Transportation policy wonks looking for a silver-lining to Brodsky's enforcement-based traffic mitigation plan won't find it in the form of red light and bus lane cameras. New York City has been trying to get automated enforcement cameras out of Albany for something like 15 years now. Sorry. They may be saving lives and reducing traffic enforcement costs in other cities but the Assemblyman from Westchester has civil liberties concerns. He'll allow New York City to have 100 more parking agents and 30 more police officers for traffic enforcement. No matter that cops handing out traffic tickets during rush hour would cause congestion, not ease it.
There were no cameras and maybe two reporters at the press conference. Most of the bodies in the photo above belong to Environmental Defense staffers and members of the Campaign for New York's Future. The same small group of legislators -- Lancman, Dinowitz, Maisel, Fidler and Weprin stood up and said the same things they've been saying for months now. There was, however, a new face in the crowd. Standing shoulder-to-shoulder with Richard Brodsky, who happens to represent the New York metropolitan region's wealthiest car commuters, was Assemblyman Hakeem Jeffries (right), representing Prospect Hts., Bed-Stuy, Clinton Hill and vicinity.
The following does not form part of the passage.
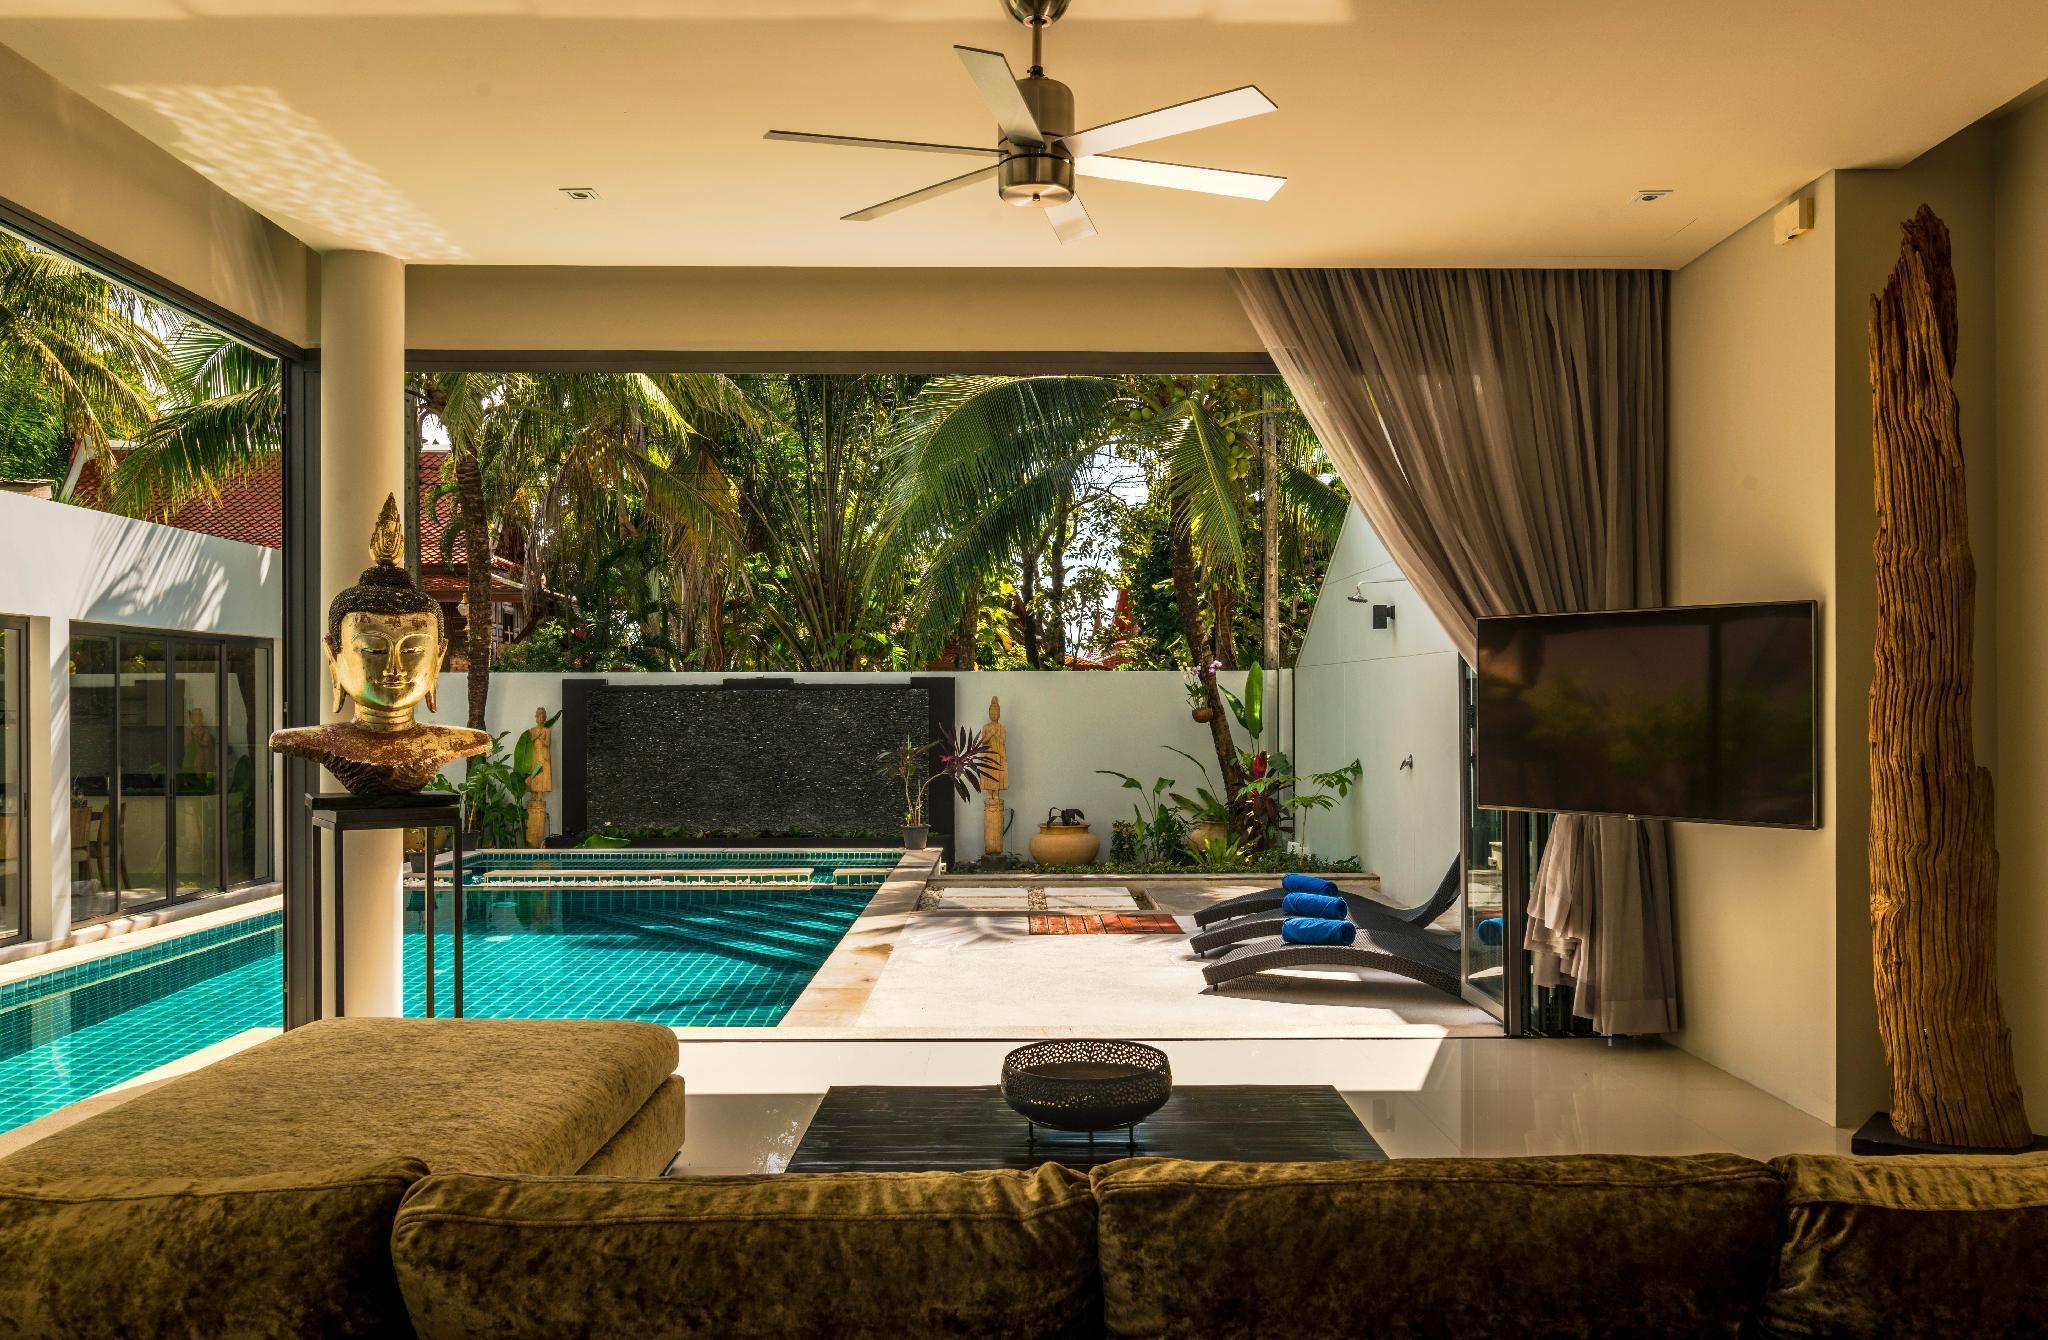 Amazing 5br, Seaview private PoolVilla by Intira วิลลา 5 ห้องนอน 7 ห้องน้ำส่วนตัว ขนาด 600 ตร.ม. – หาดราไวย์

Speaking on behalf of a district where 70 percent of households do not own a car, where only 2.2 percent of daily commuters drive alone to work in the pricing zone, where the households that do own a vehicle earn nearly twice as much as the ones that don't, Jeffries said that he opposes congestion pricing because, among other reasons, "it's unfair to working families."
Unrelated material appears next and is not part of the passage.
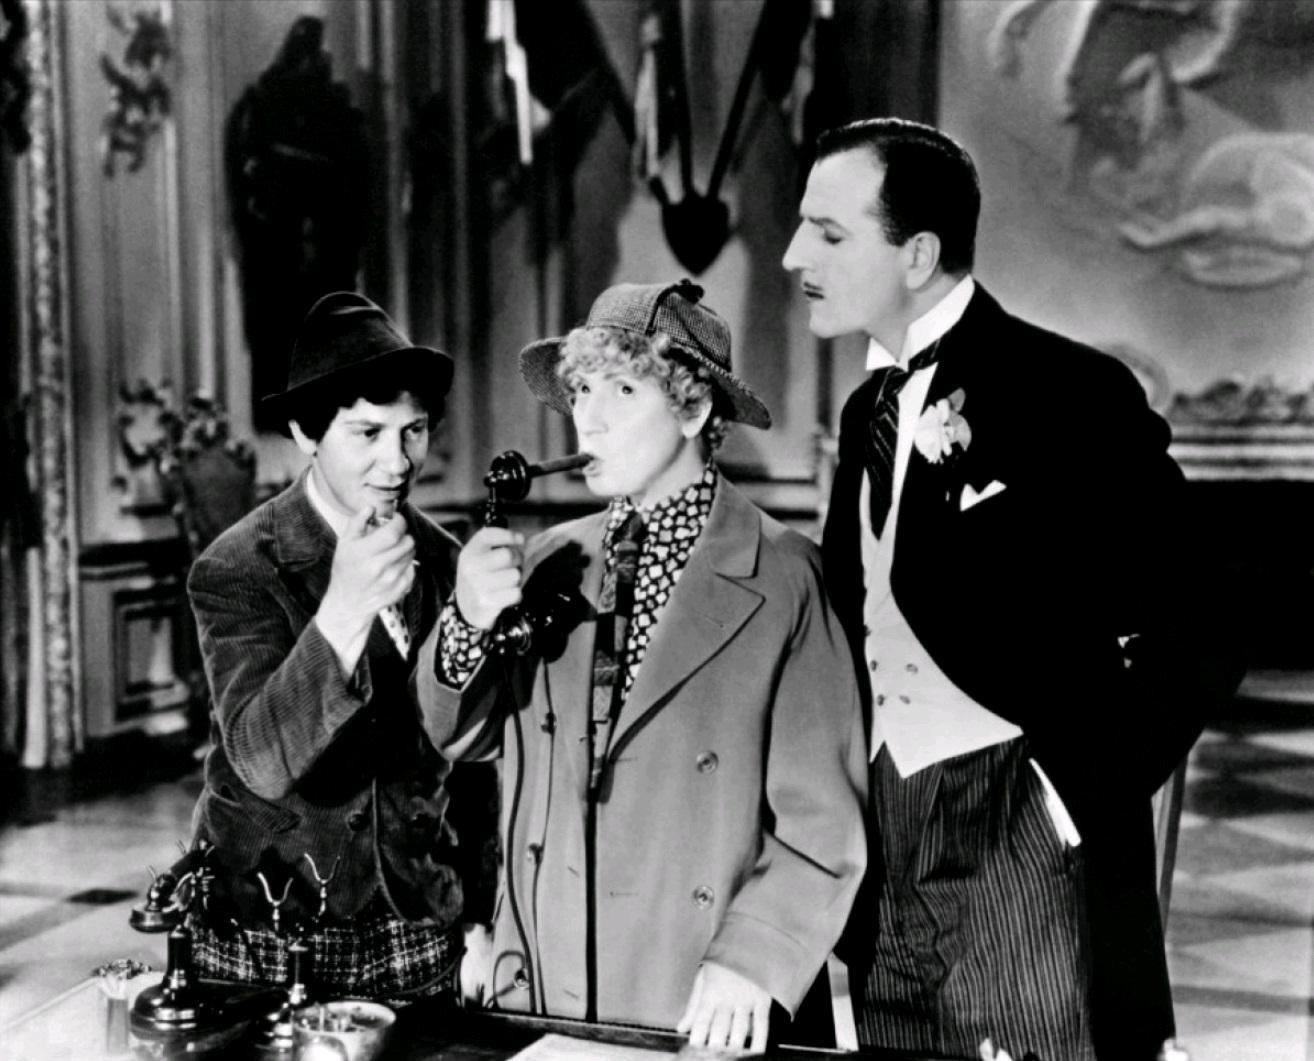 Luchshie-filmyi-v-retsenziyah-Utinyiy-sup-Duck-Soup-1933-3

After the presser, Jeffries elaborated. The "disingenuousness of the process" bothered him. Even after all of the issues raised at the public hearings, the Traffic Commission came back with a plan that, Jeffries believes, fundamentally only offered improvements for Manhattan residents -- a geographic reduction of the pricing zone, the elimination of the $4 fee for drivers who live inside the zone, and an automatic charge for drivers crossing the East River Bridges.
Jeffries didn't seem to know that the Commission had replaced the $4 "intrazonal charge" with major increases in the cost of parking inside the zone, all of which would go towards paying for streetscape improvements citywide.
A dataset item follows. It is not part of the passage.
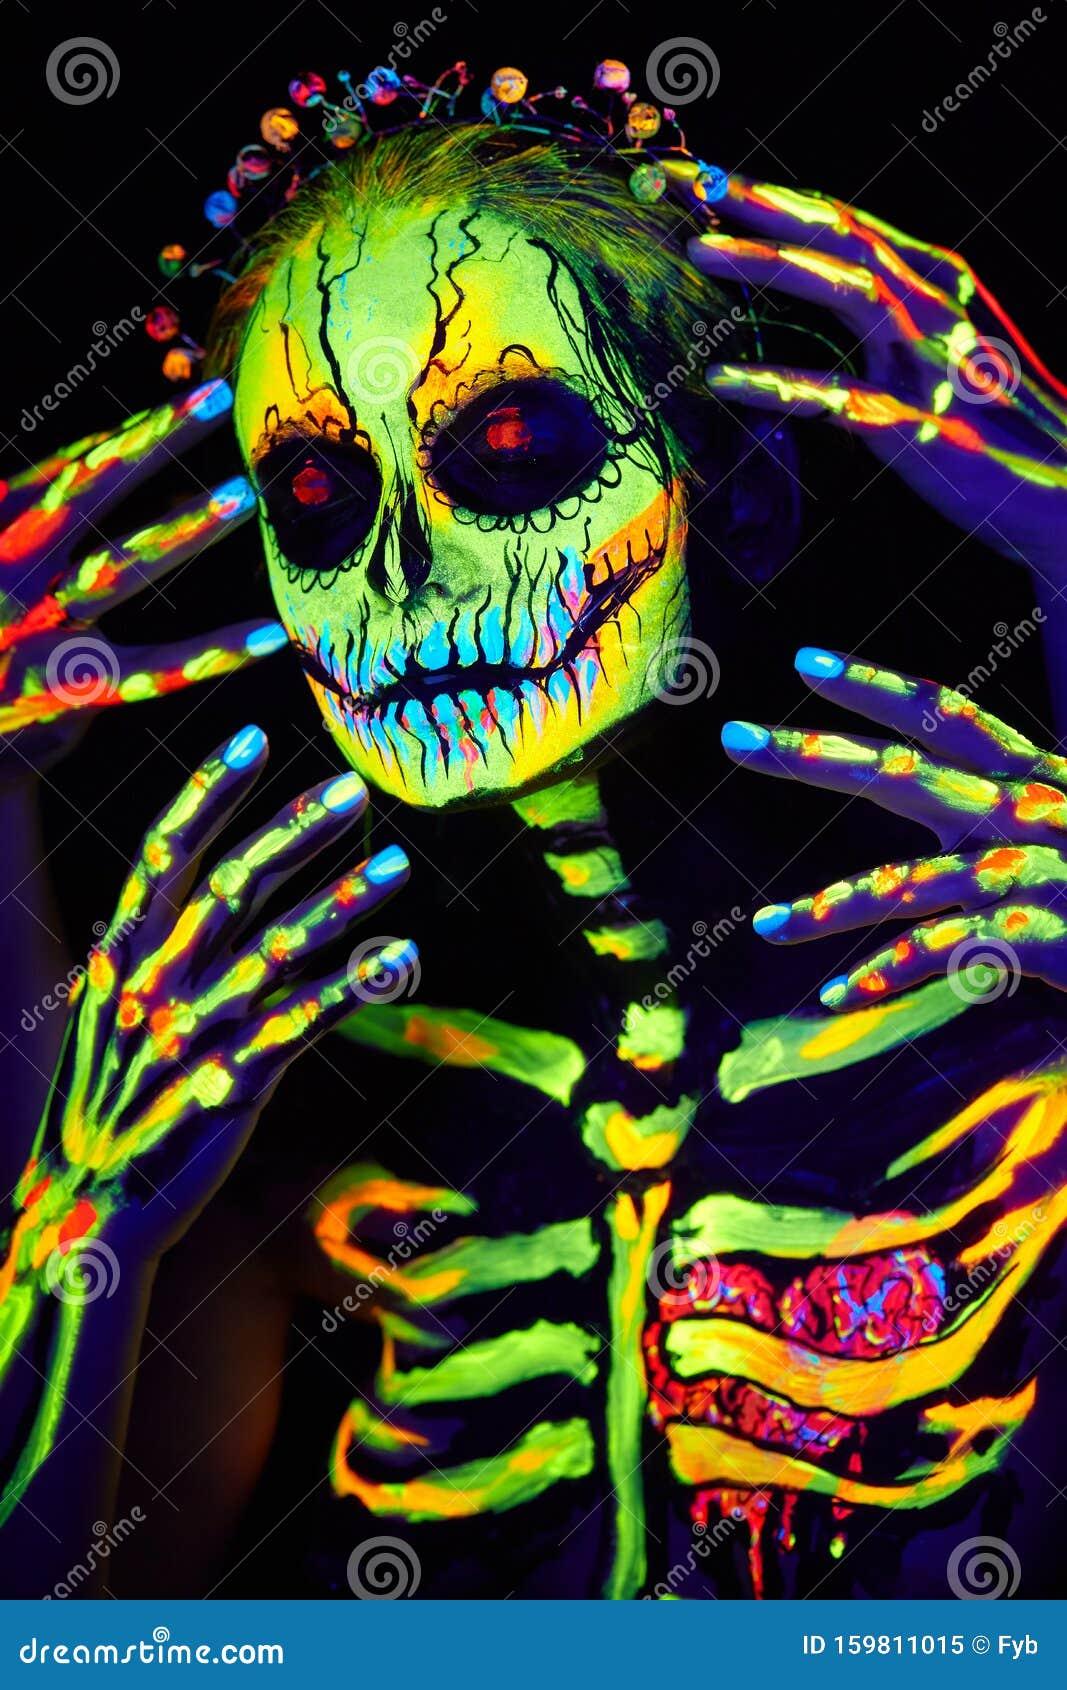 Uv Body Art Painting Of Helloween Female Skeleton Stock Image Image Of Celebration Culture 159811015

Nor did Jeffries appear to be informed of the benefits congestion pricing could deliver to Flatbush Avenue, the congested, dysfunctional thruway that runs the entire length of his district. Something like forty percent of the morning traffic on Flatbush Avenue is nothing but thru-traffic. These drivers from Long Island and South Brooklyn -- Fidler and Maisel's constituents are among them, as it happens -- know Jeffries' district as nothing more than a
doormat for the free East River bridges. Congestion pricing would push some number of these drivers over to the Battery Tunnel, onto transit or into a carpool.
Congestion pricing provides Jeffries' district with more than just traffic reduction. Flatbush Avenue's B41 is number one on the list of bus routes that will be beefed up with the $354.5 million federal grant. And Brooklyn's first-ever Bus Rapid Transit route, one of five routes citywide, is slated to run through Jeffries' district, along Bedford and Nostrand Avenues. That project will be paid for by congestion pricing money too. The Department of Transportation is also looking at parts of Jeffries' district for a possible residential parking permit program to help protect neighborhoods from park-and-ride commuters.
Yet, there was Hakeem Jeffries standing on the steps of City Hall with representatives of some of the wealthiest, most car-dependent Assembly districts in the entire metropolitan region, opposing a plan that would bring new transit service and residential parking permits while reducing he daily seige of single passenger
vehicles rolling through his constituents' neighborhoods on their way to the free East River bridges.
So, whose job is it to talk to guys like Jeffries and make sure they are well informed about congestion pricing?